=== Dataset extract ===
§ §

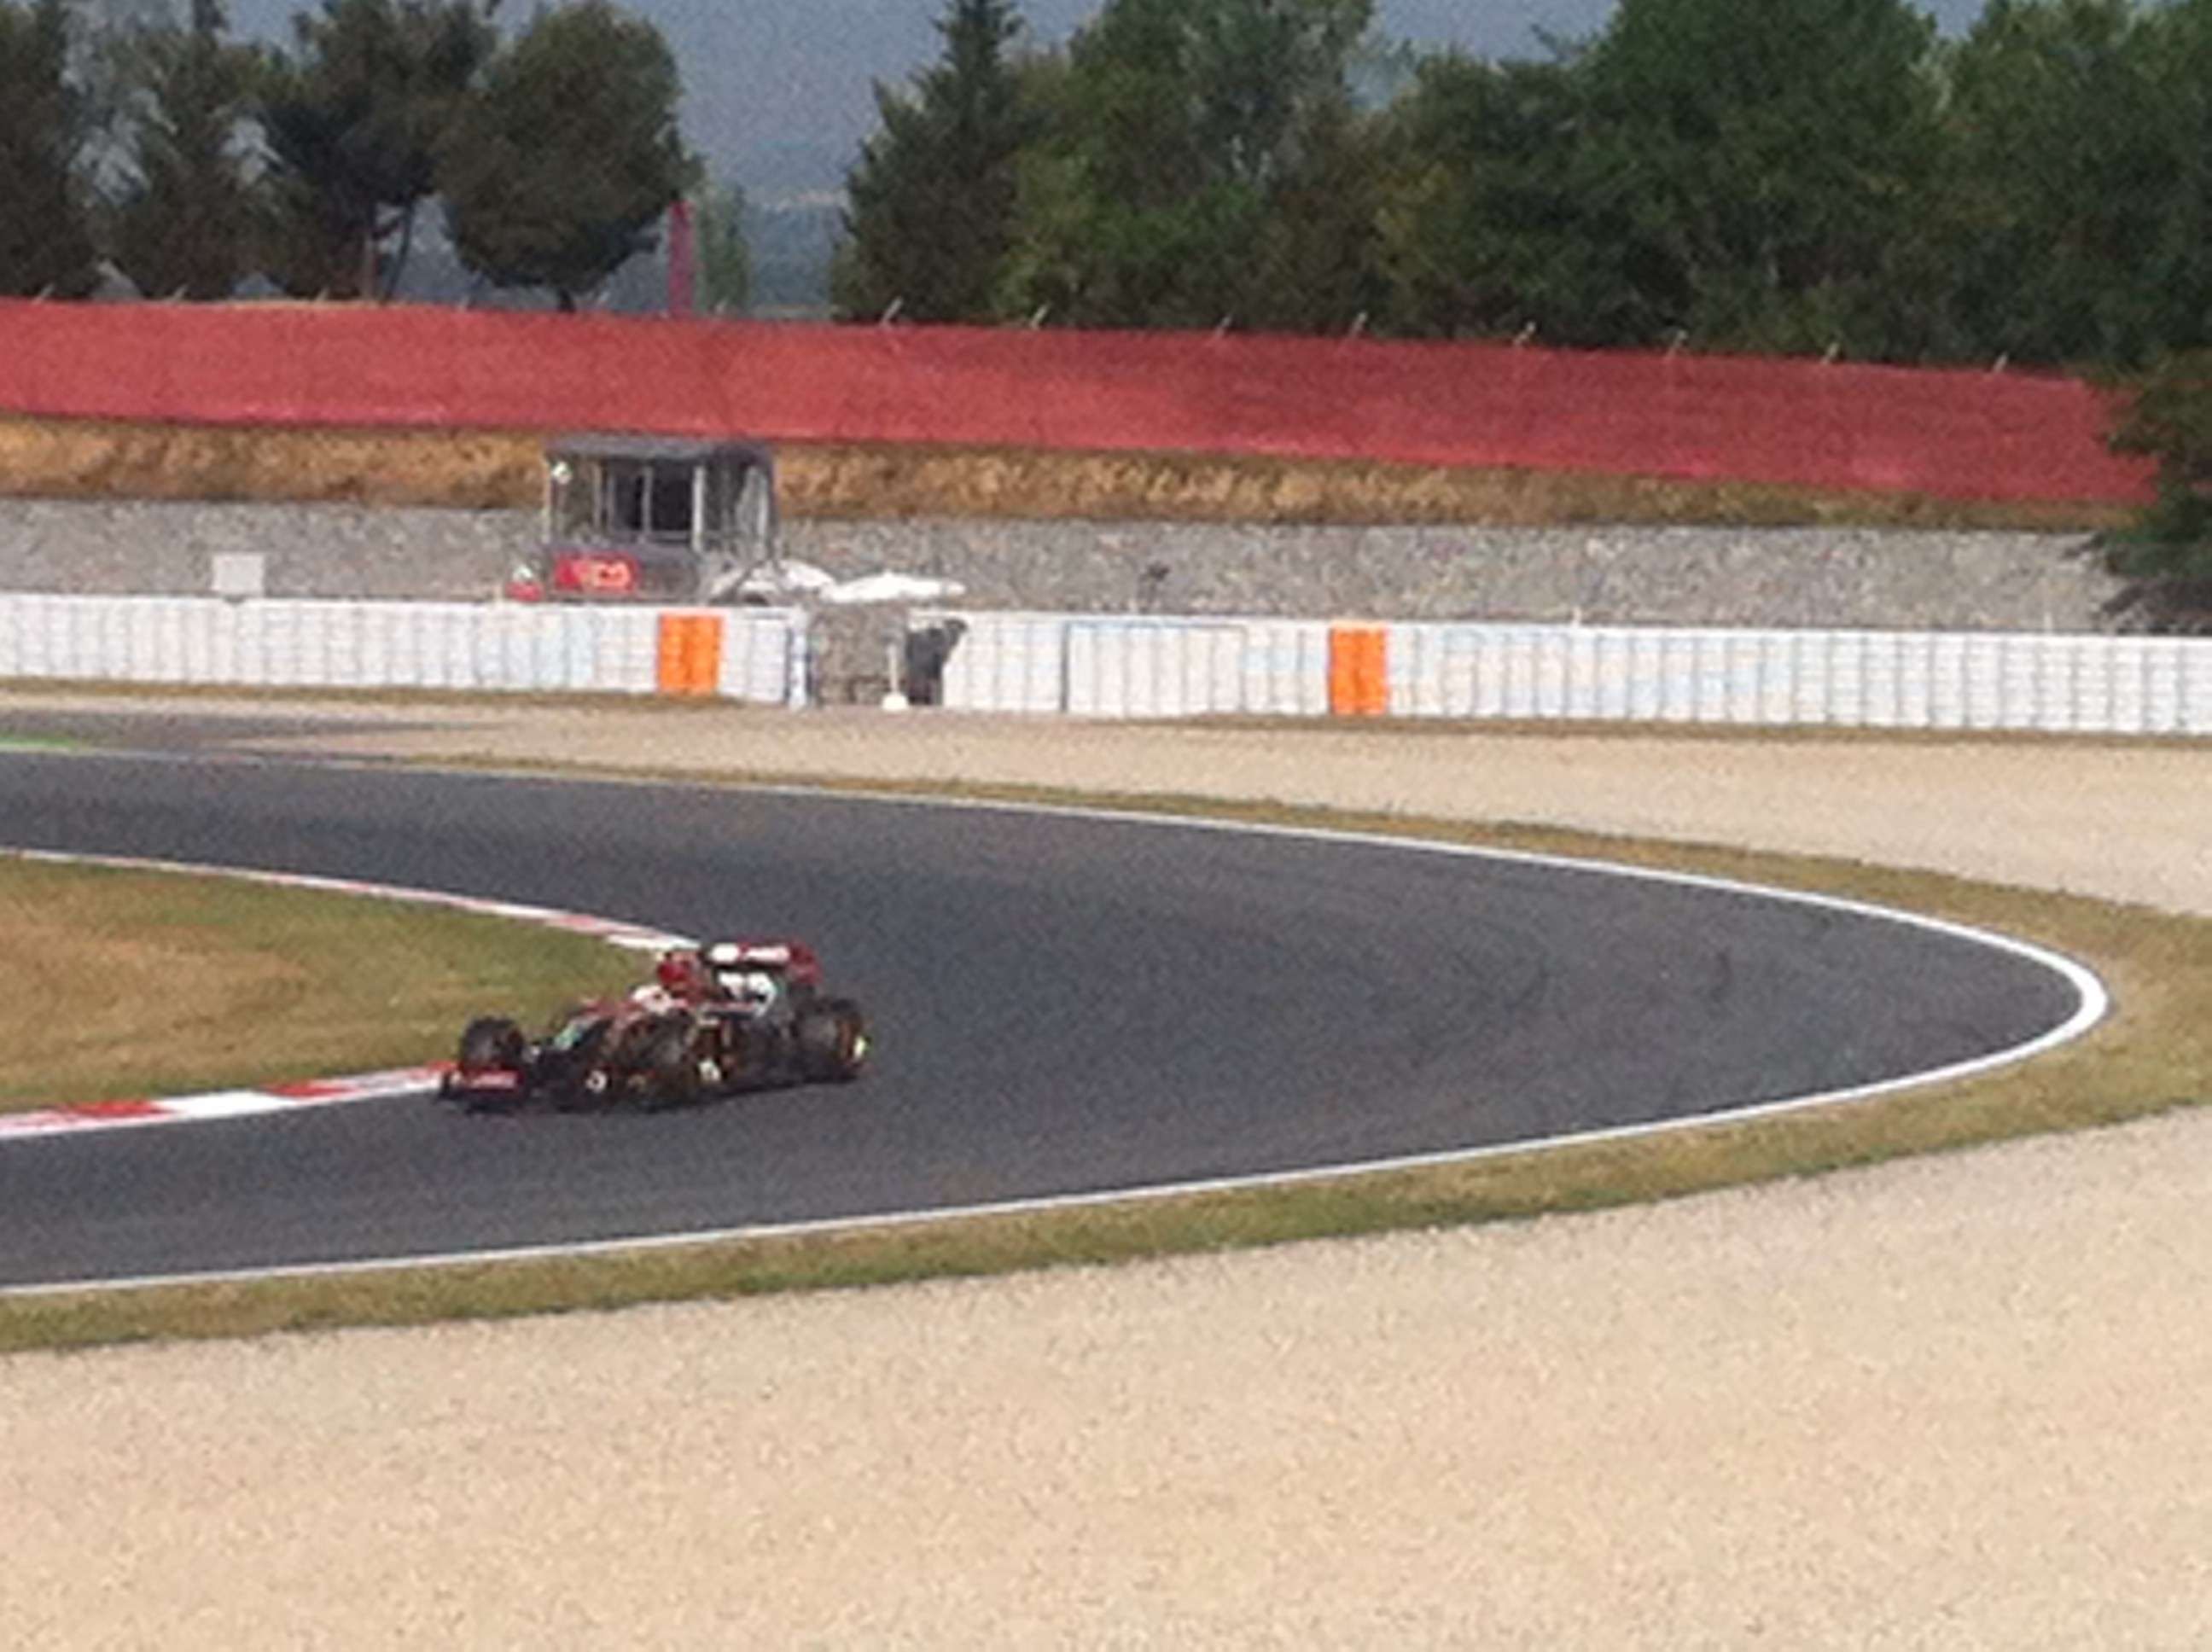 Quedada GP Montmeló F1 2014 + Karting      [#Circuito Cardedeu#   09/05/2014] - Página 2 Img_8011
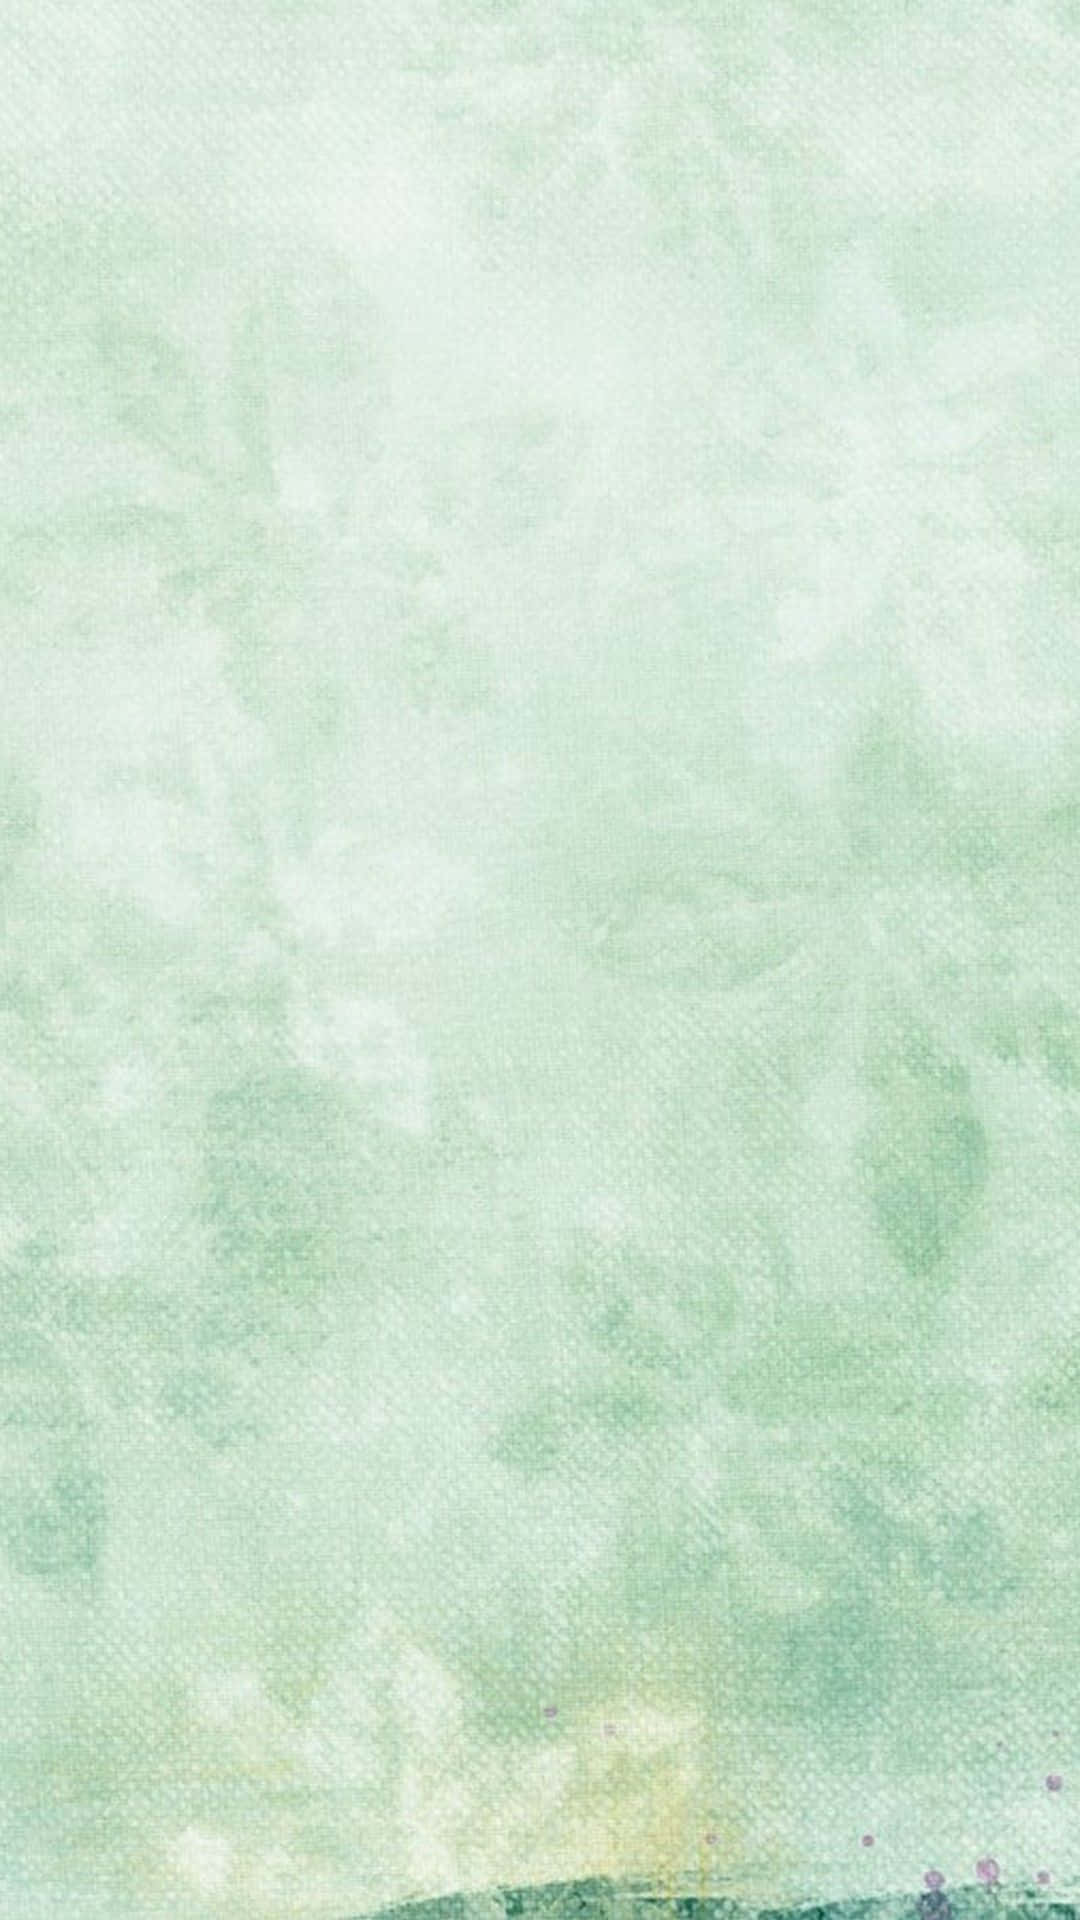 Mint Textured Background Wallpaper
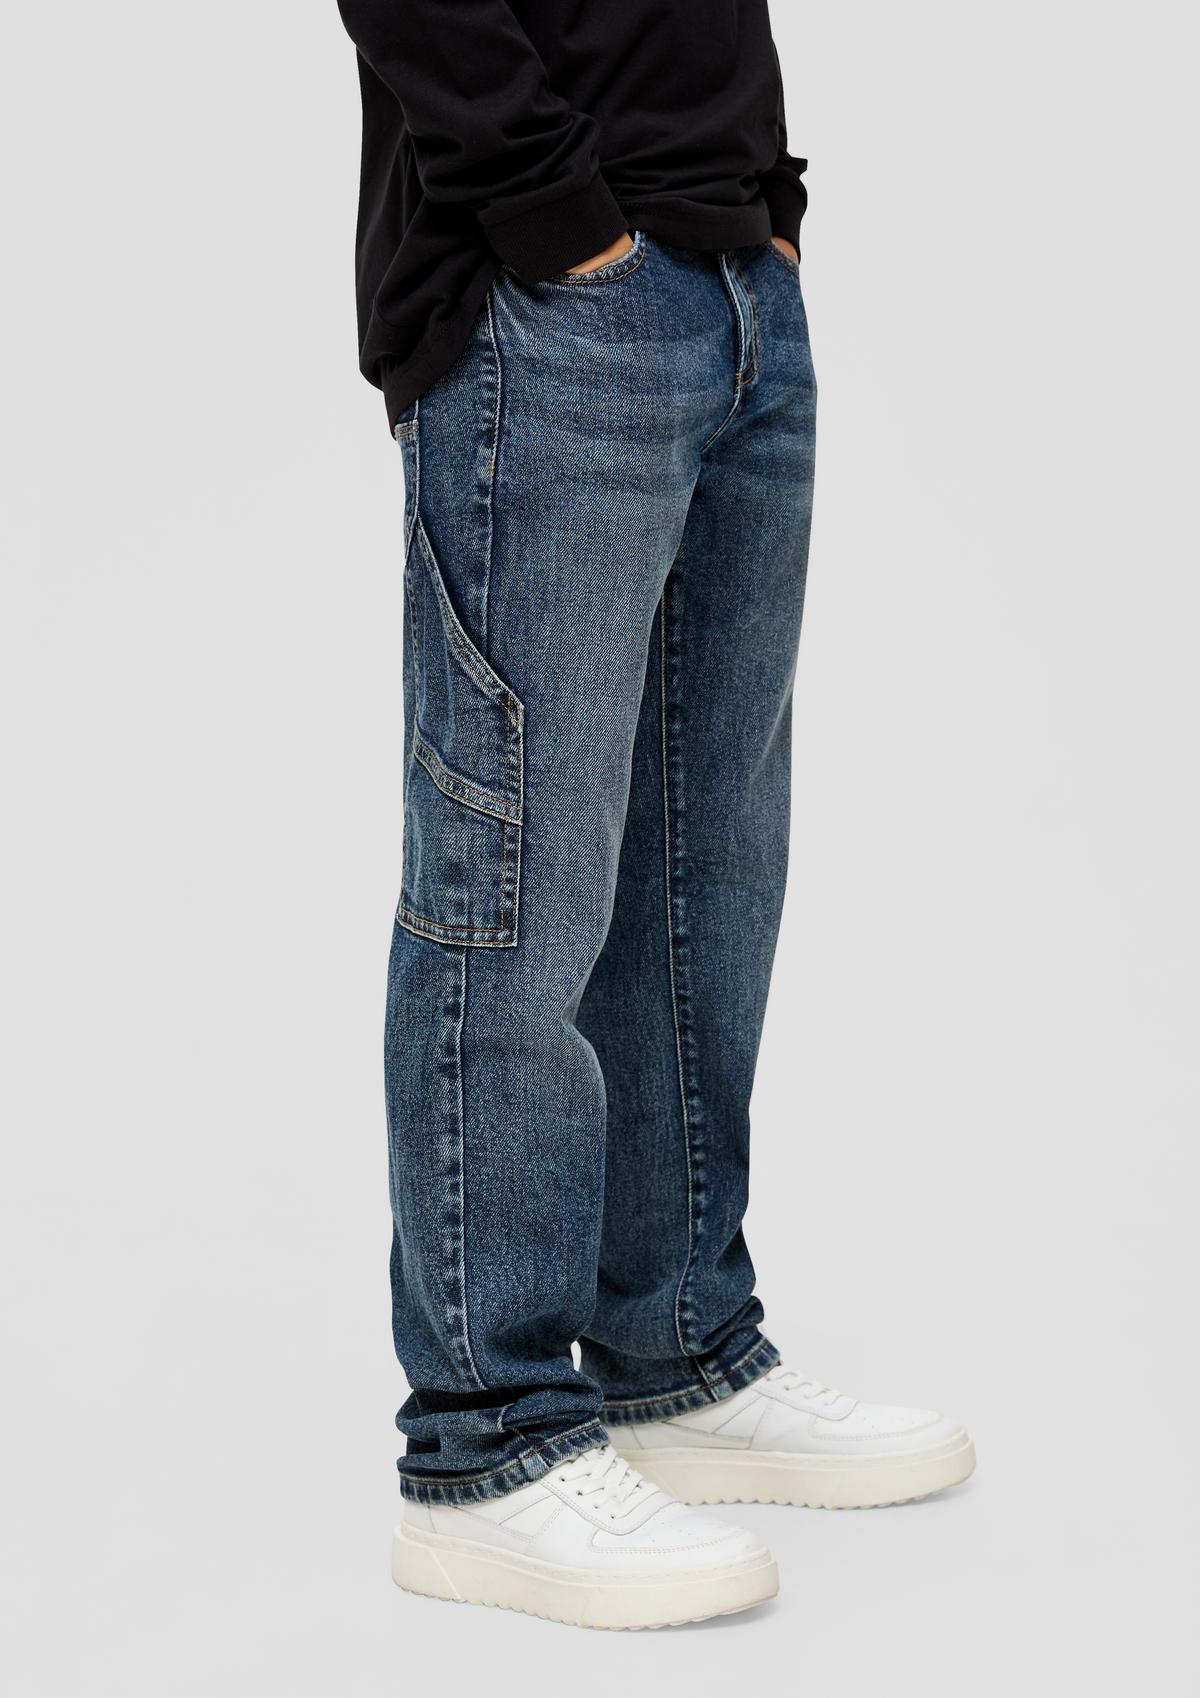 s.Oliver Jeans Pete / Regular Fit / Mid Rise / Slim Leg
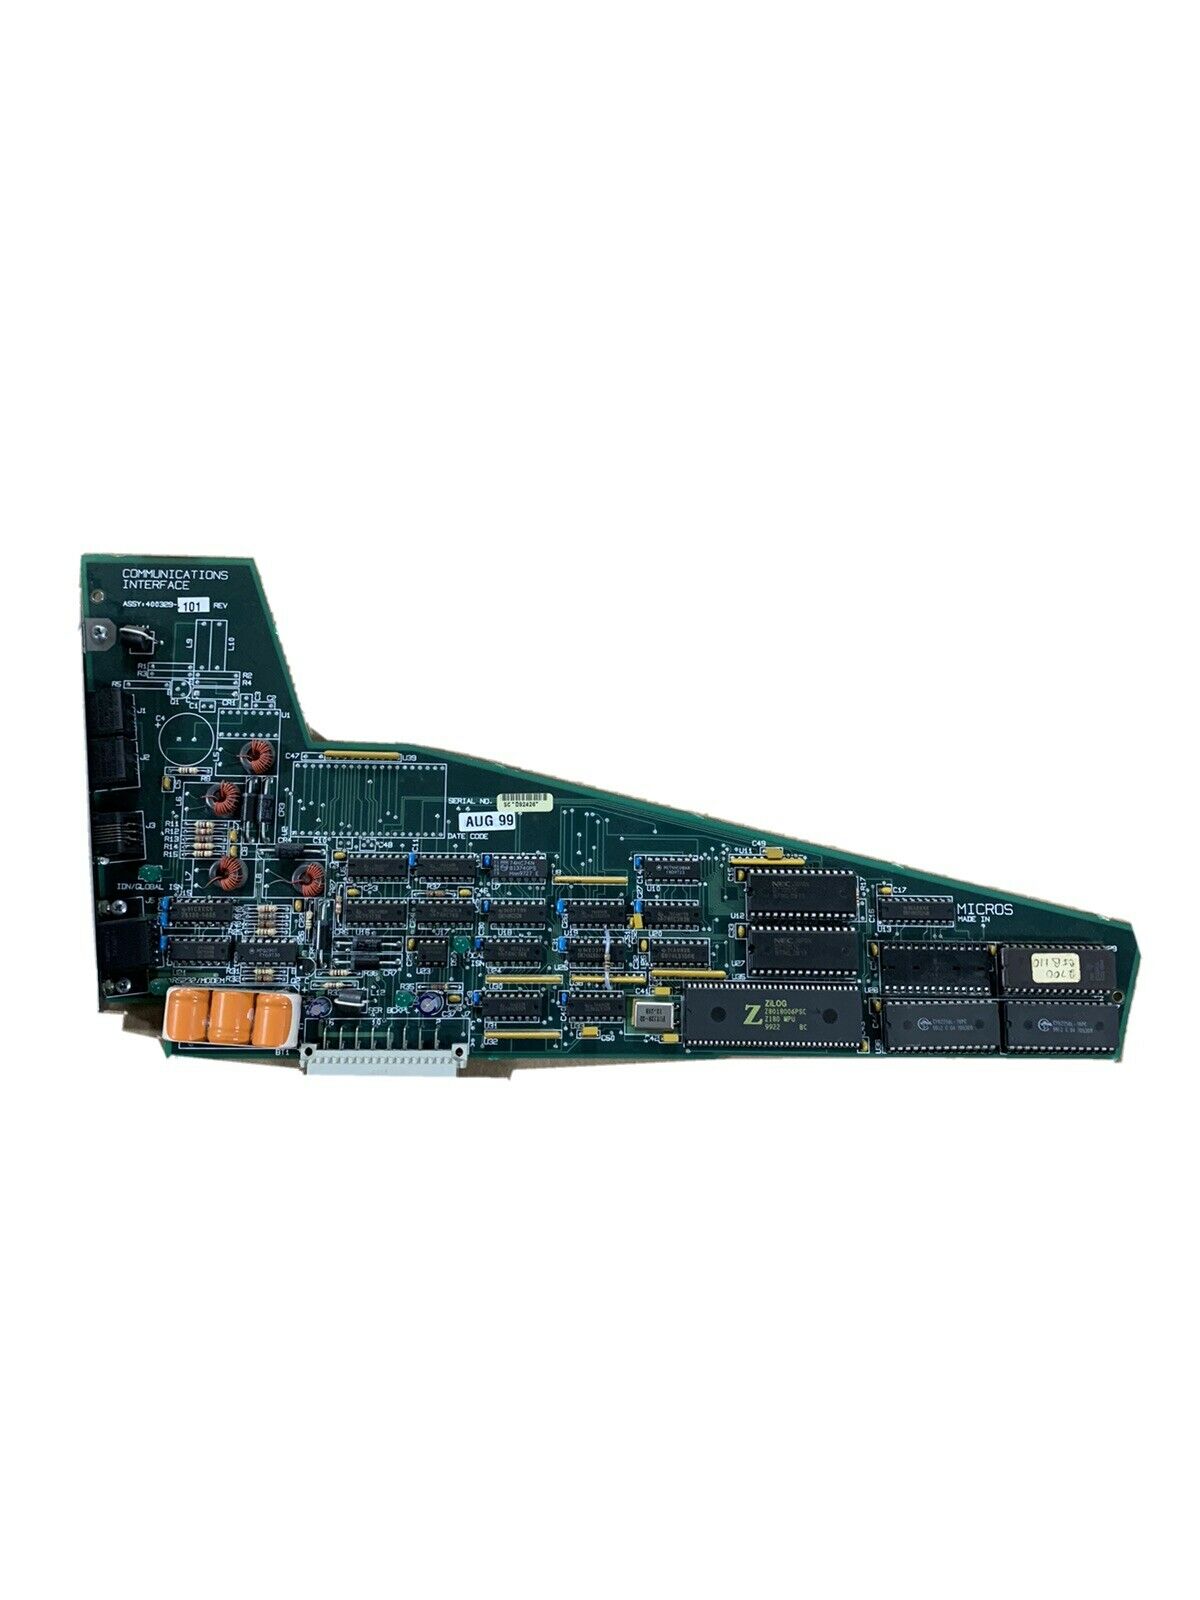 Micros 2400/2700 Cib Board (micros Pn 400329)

§ §

=== Work task ===
Pictures are to be left out; the rest of the listing should be printed exactly.

=== Problem solution ===
 Quedada GP Montmeló F1 2014 + Karting      [#Circuito Cardedeu#   09/05/2014] - Página 2 Img_8011
 Mint Textured Background Wallpaper
 s.Oliver Jeans Pete / Regular Fit / Mid Rise / Slim Leg
 Micros 2400/2700 Cib Board (micros Pn 400329)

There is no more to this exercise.